Calhoun sat up straight, tightening his grip on the beer bottle.

“That’s right. Selling out. Gettin’ out while the gettin’s good. Or as good as it’s gonna get anyway.”

“Why?” Life as they’d known it and revered it seemed to suddenly be grinding to a halt. Maybe it had been skidding for a long time, and they’d all simply ignored it, hoping the skid would stop.

“The short answer is, she can’t take care of her property and her sick dad and her baby. Even with the housekeeper helping out. Long answer? That’s a mighty big place for one little lady to manage, and if any of us thought Mimi’s soon-to-be ex-husband was going to be a ranch man, we were destined to be disappointed. He’s a city-slick lawyer, not a cowboy. Not that I’m criticizing…”

“But you are criticizing,” Calhoun said. “Because Brian never did come home to Mimi.”

“I’m merely saying their marriage arrangement didn’t include him living here.

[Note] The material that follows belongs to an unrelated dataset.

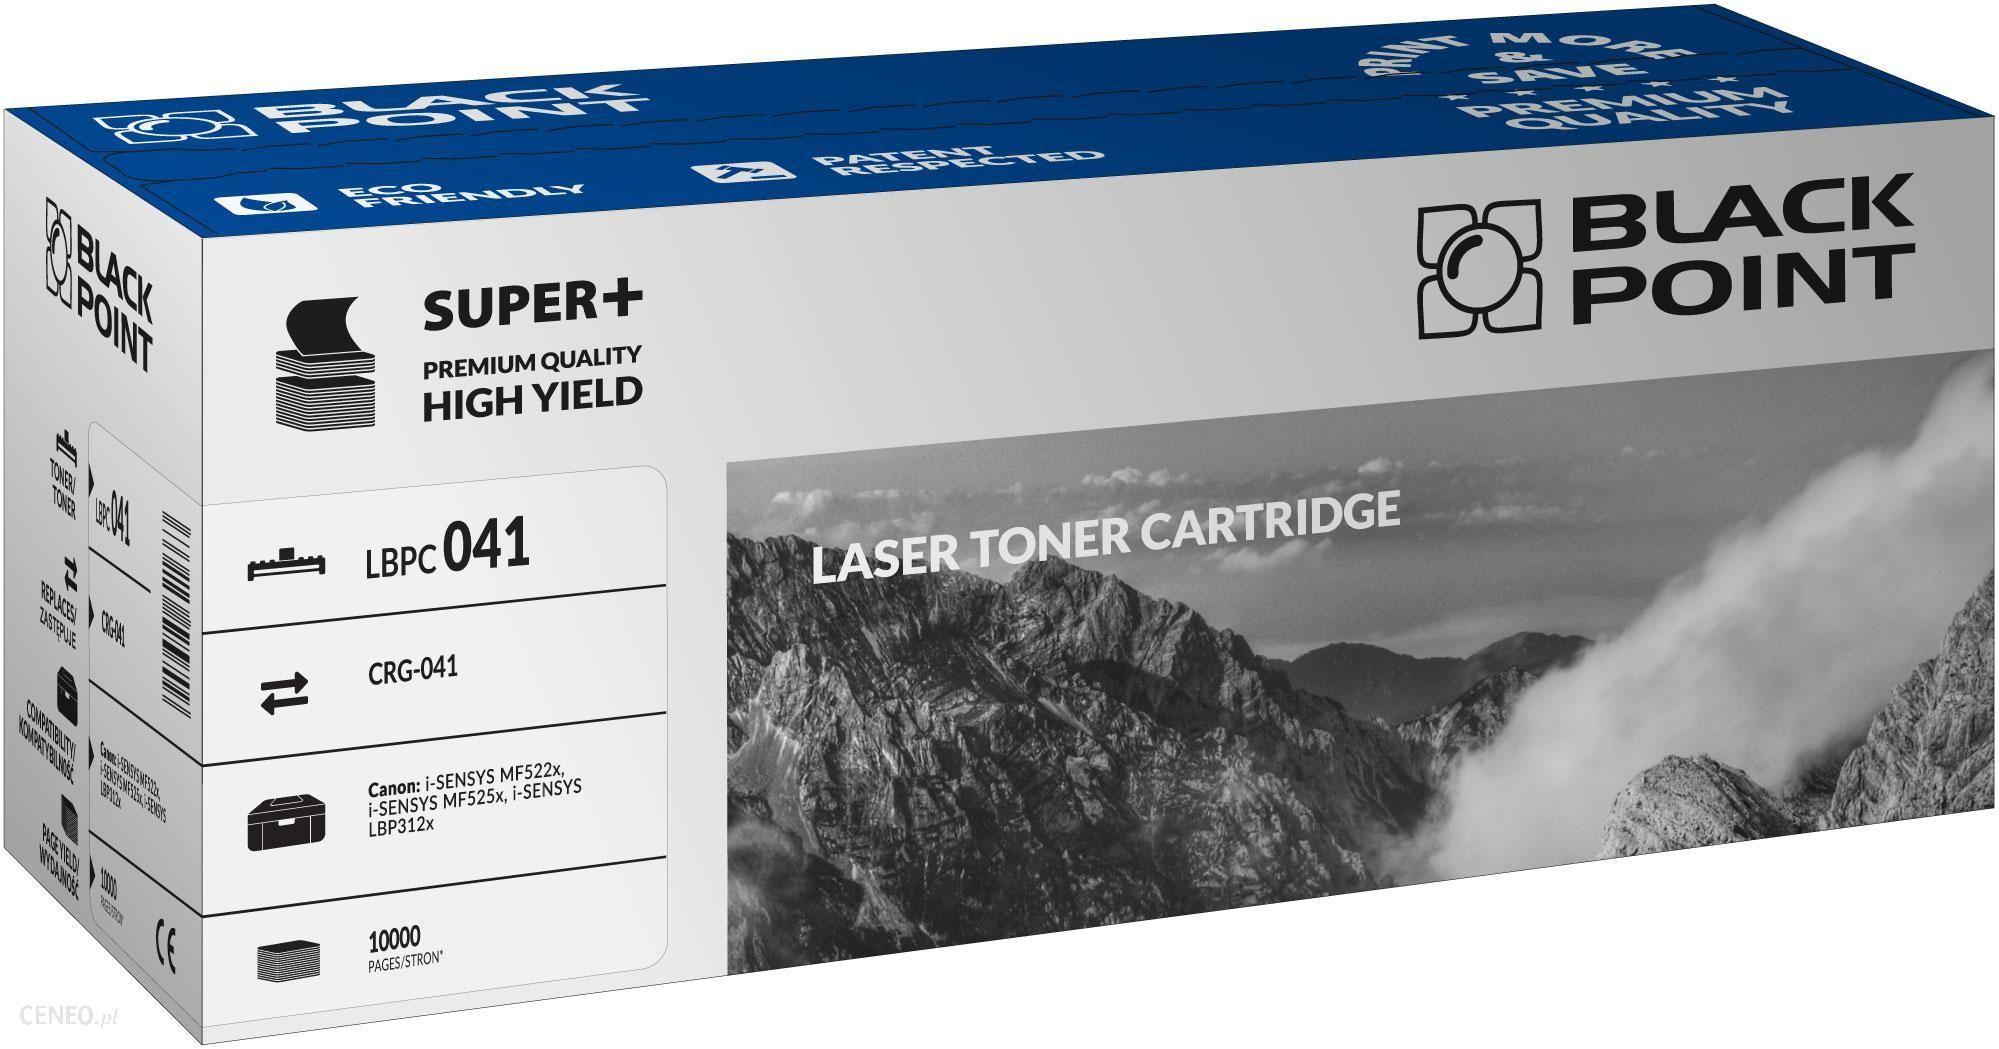 Black Point Zgodny z Canon CRG-041 Super PLUS do Canon i-SENSYS MF522x, i-SENSYS MF525x, i-SENSYS LBP312x

And obviously, it didn’t include her living in Austin or Houston.” He sighed. “The final nail was probably Mason’s long trip since he’d been doing most of the work over there after the sheriff took sick. But Mason was gone too long, and Mimi got overwhelmed, I guess. She’s decided to tell everybody in town officially that her father can’t resume his duties, and she’s taking them over. She figures she can do a better job of sheriffing and everything else she’s got to manage from town.”

“Yeah, I’m hearing that,” Calhoun said slowly, “but it sure is hard to swallow.” He felt terribly guilty. Sure, they’d all tried to pick up a little slack at Mimi’s place, but with the brothers marrying one by one and heading off with their new brides, Mason’s absence and Last’s paternity lawsuit, they’d been shorthanded.

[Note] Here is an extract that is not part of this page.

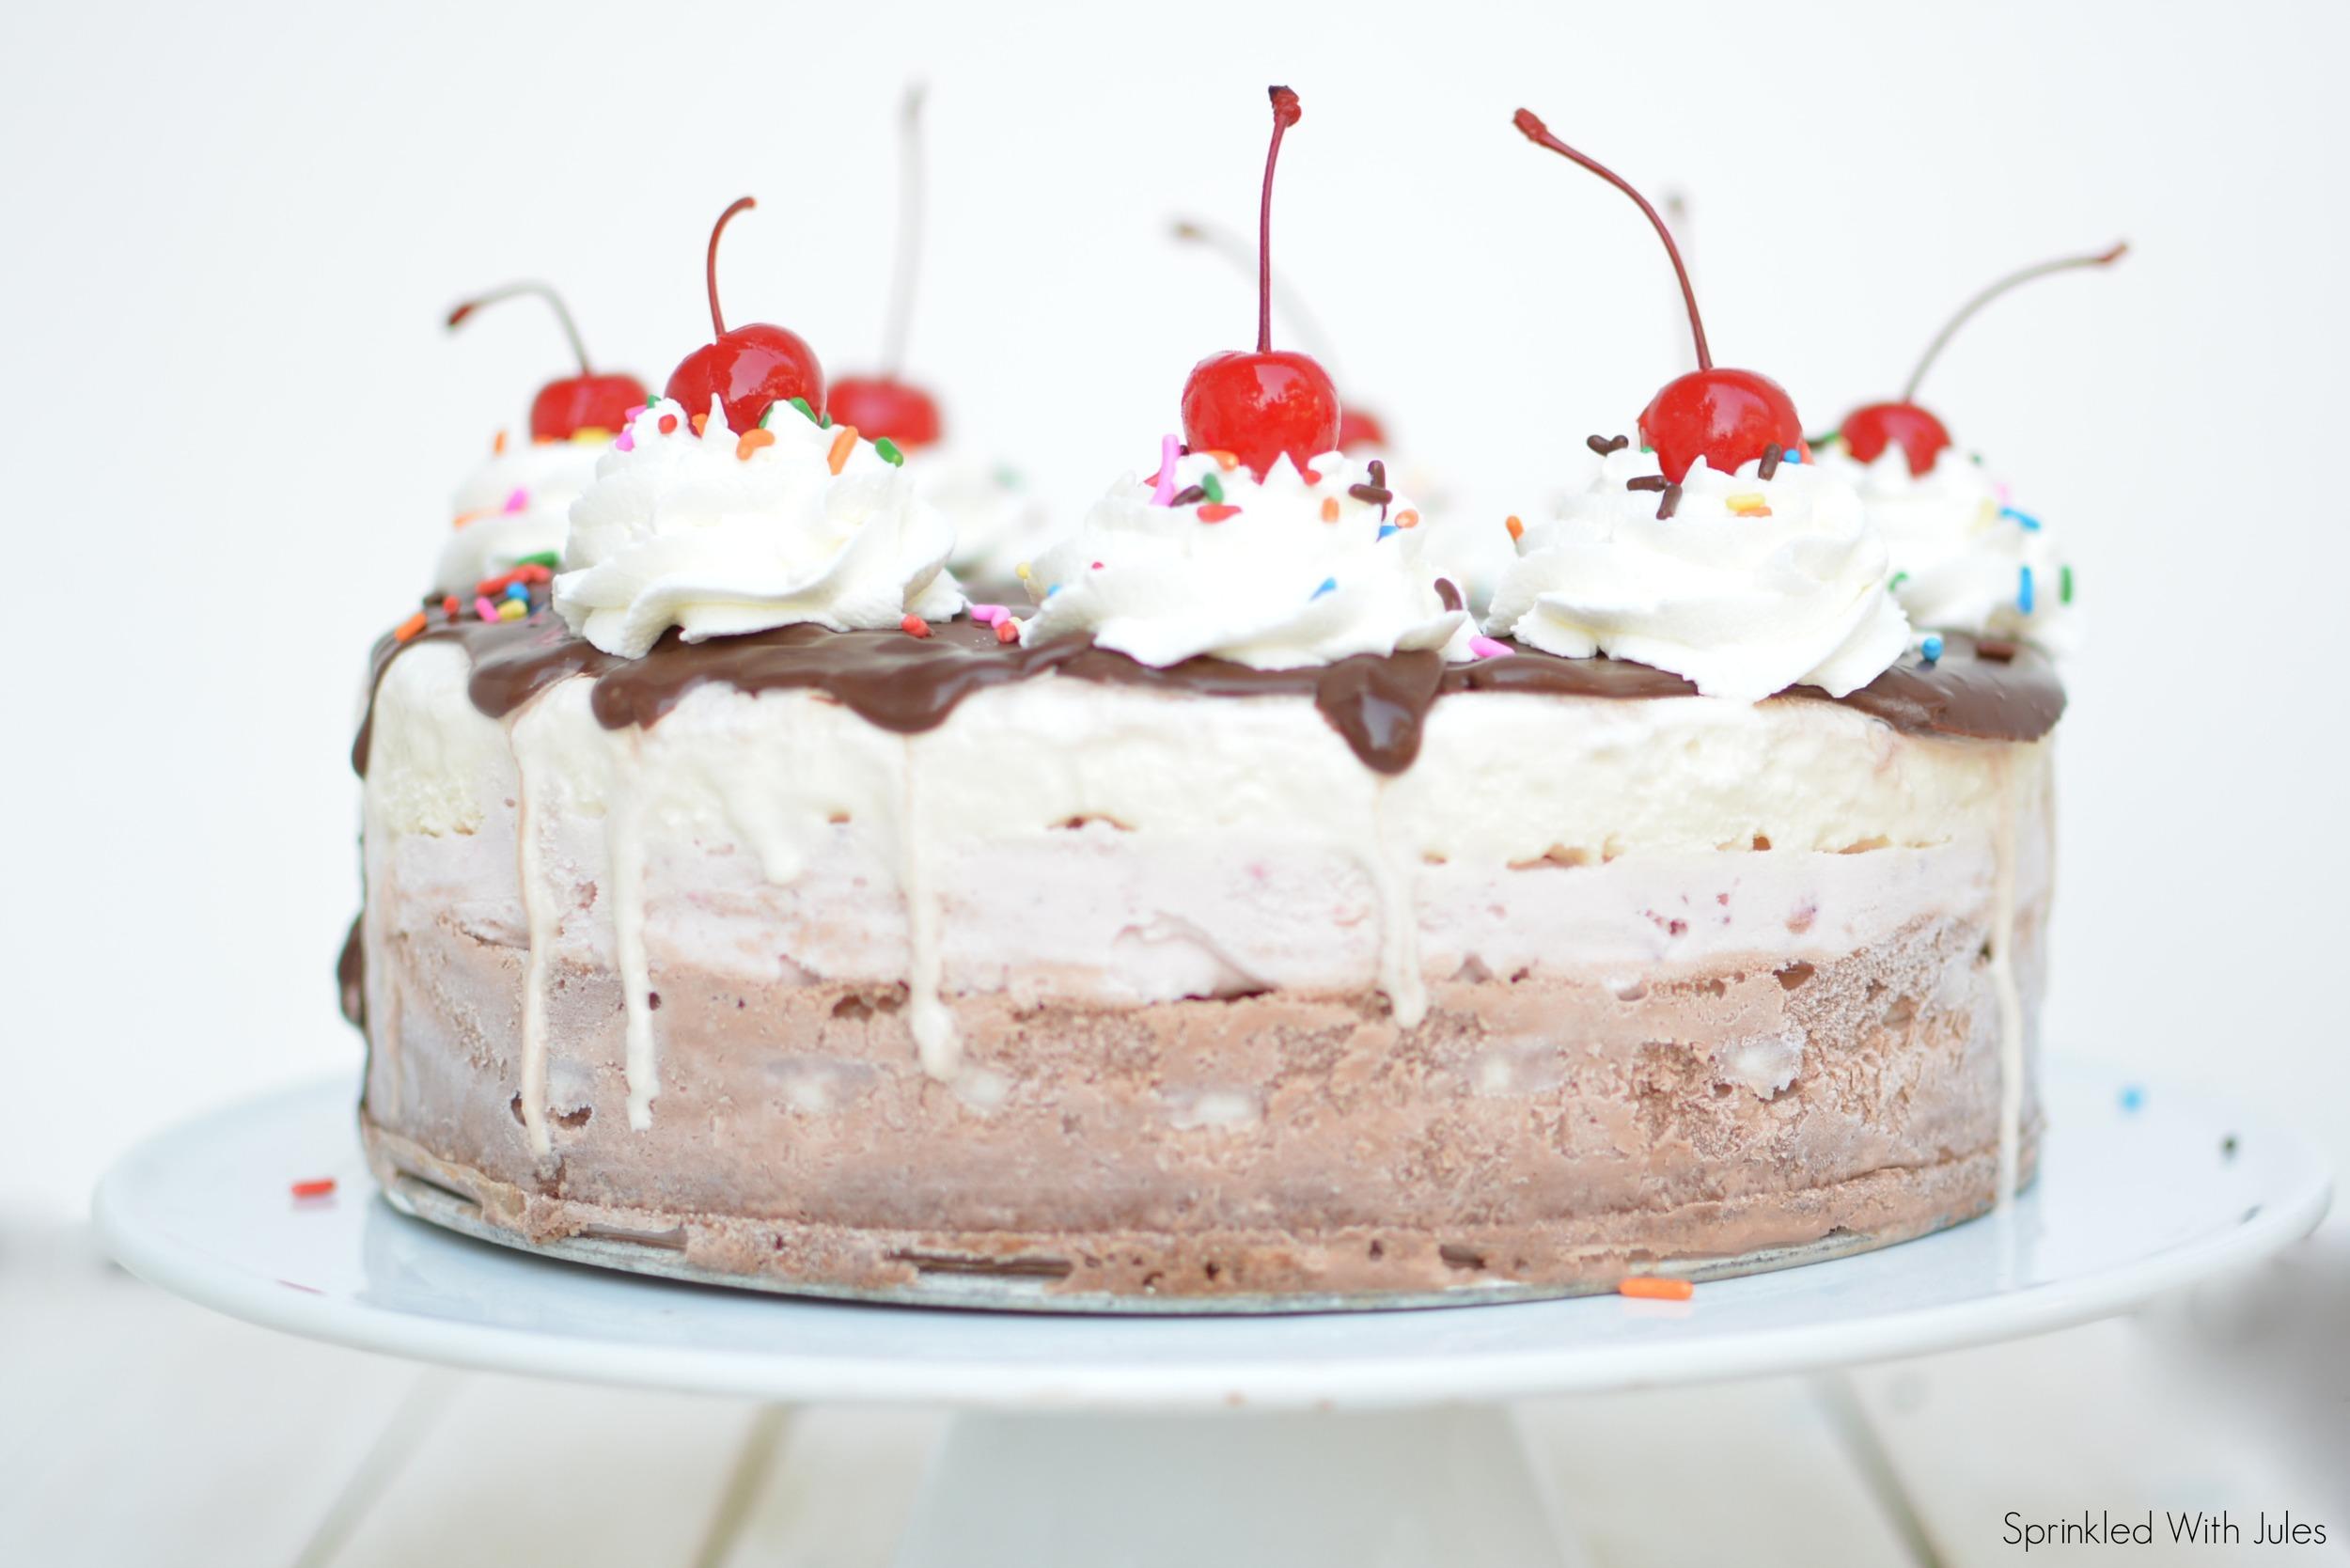 Banana Split Ice Cream Cake / Sprinkled With Jules

He ground his teeth. “I should pack up and come home tonight.”

“Well, normally I would say hell, yeah. But it’s been a long time since I’ve heard you mention a flesh-and-blood woman, Calhoun. And you ain’t talking about painting her, either.”

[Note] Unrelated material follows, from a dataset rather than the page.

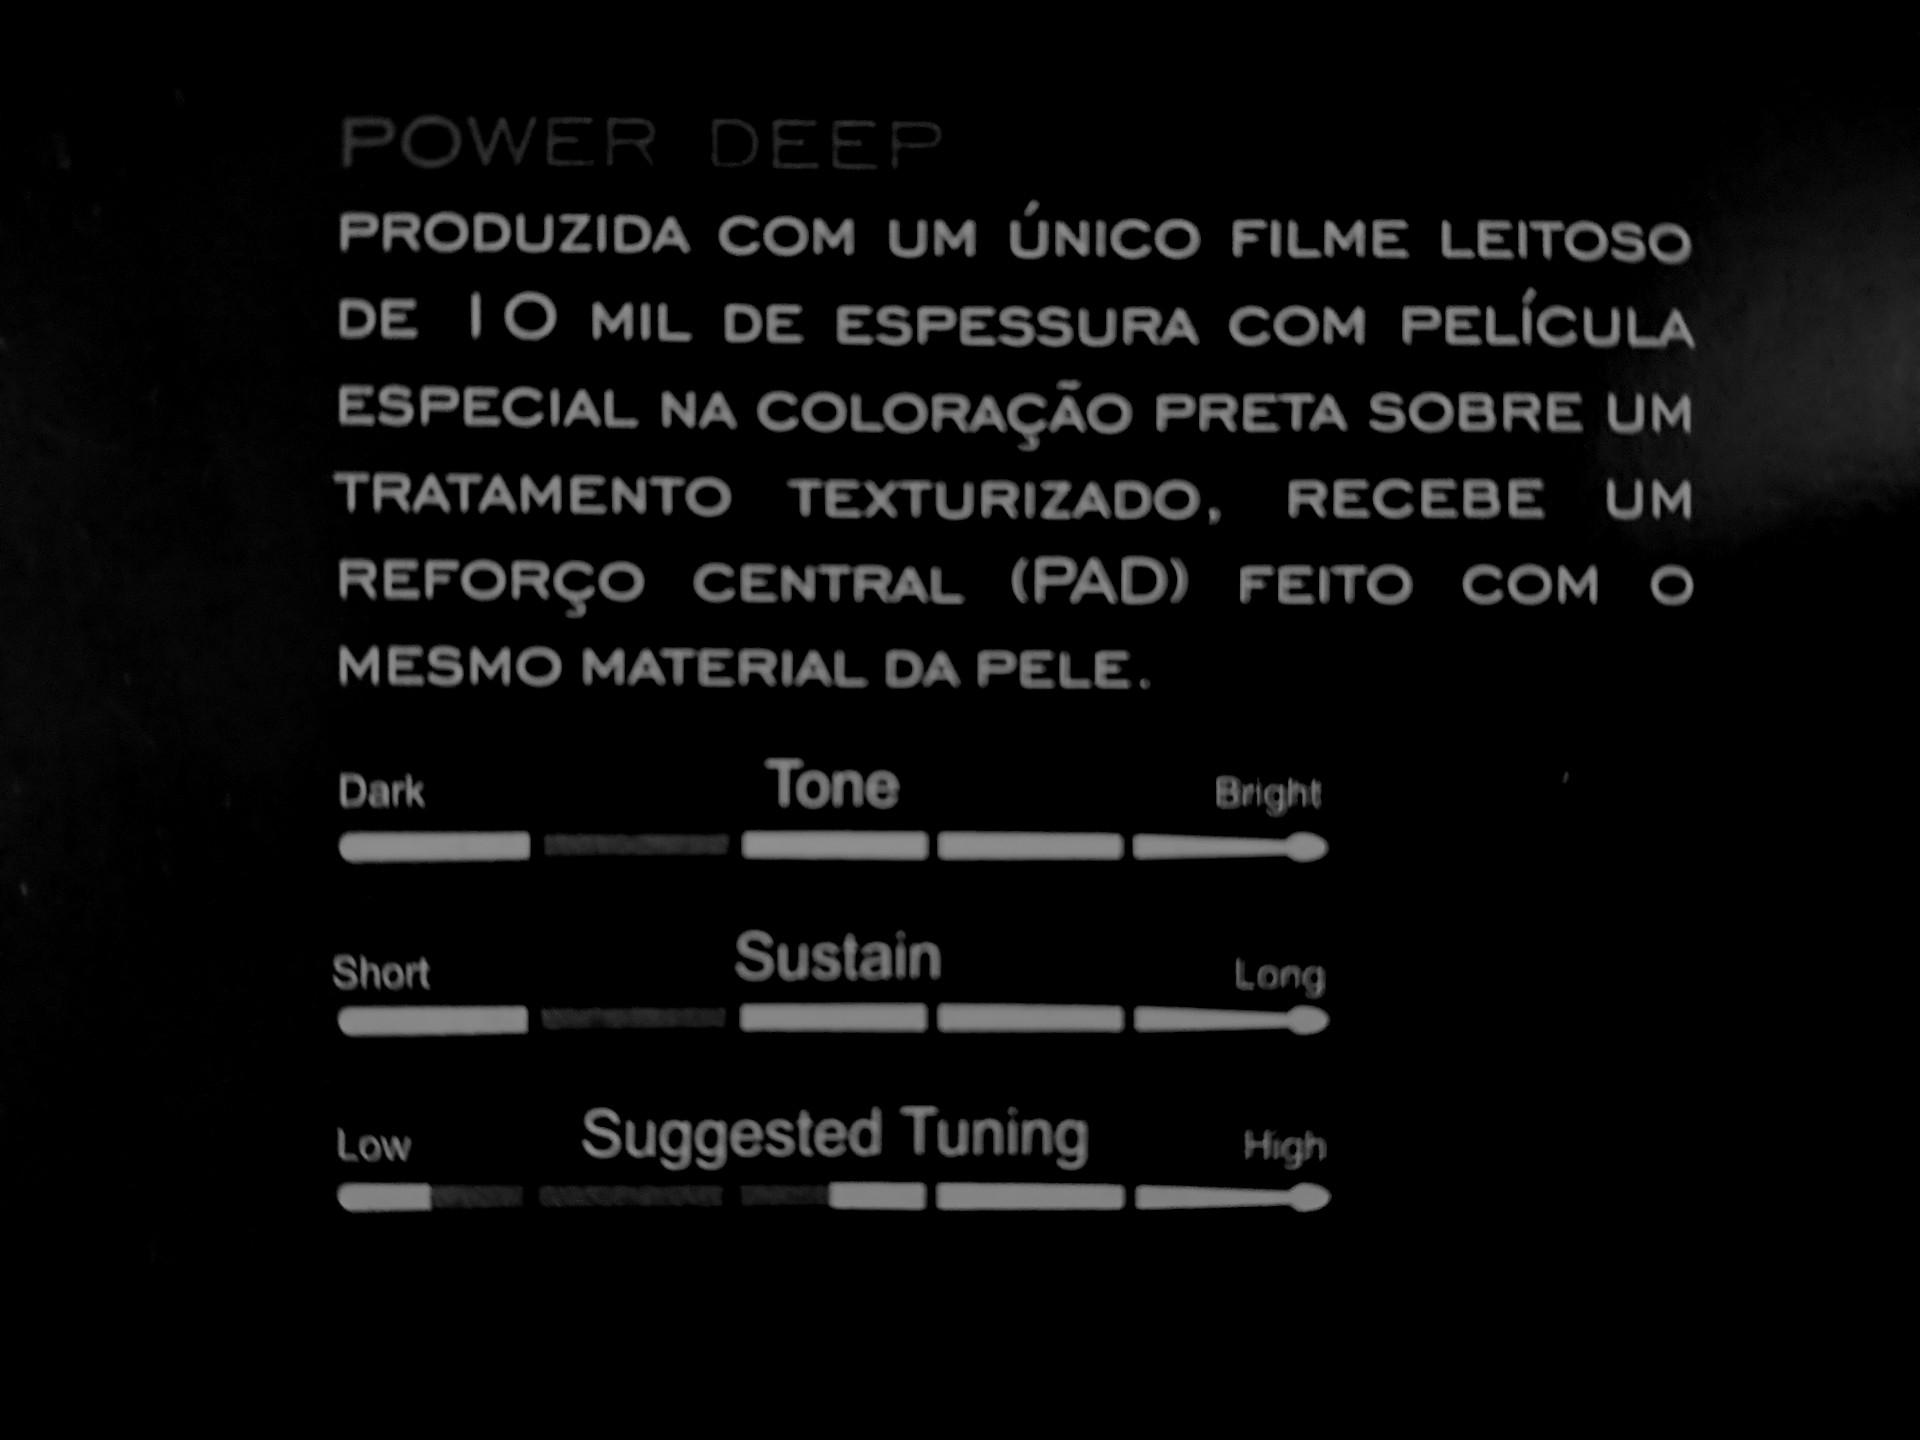 "Pele texturizada POWER DEEP C/ PAD 18"" ARO FINO Dudu Portes, LUEN."

“I painted her kids’ faces,” Calhoun said gruffly. “I’d like to do a portrait of them. They’re pretty cute for rodeo brats.”

“And so,” Archer said, “maybe you should ease out of there slowly tomorrow. No point in running home. I’m in no hurry to face Mason with Mimi’s news.”

“Don’t suppose she’d tell him herself.”

“Even if she did, she’d still want us around for moral support. You know, something’s not quite right with our Mimi.”

Calhoun swigged from his bottle and waved for another, though at this point, he knew the yellow genie of relaxation was not going to have her way with his tension tonight. “Do you have anything more on that hunch?”

“No. It’s just feels like something’s not right.”

“You felt this while she was unburdening her plans to you?”

“Yeah. It was the strangest thing,” Archer said. “I could tell she really didn’t want to talk to Mason. You don’t think she’s mad at him for being gone so long, do you?”

Who knew what went on in a woman’s brain? They had emotions all over them, even etched into their eyelids, so delicate that a man could pierce their feelings without even meaning to. Calhoun closed his eyes, thinking about Olivia. Olivia was one big emotion. Not in a bad way, of course. But he could tell he’d have to tread carefully with her for a long time, if he had a long time—which he didn’t—and if he was of a mind to romance her.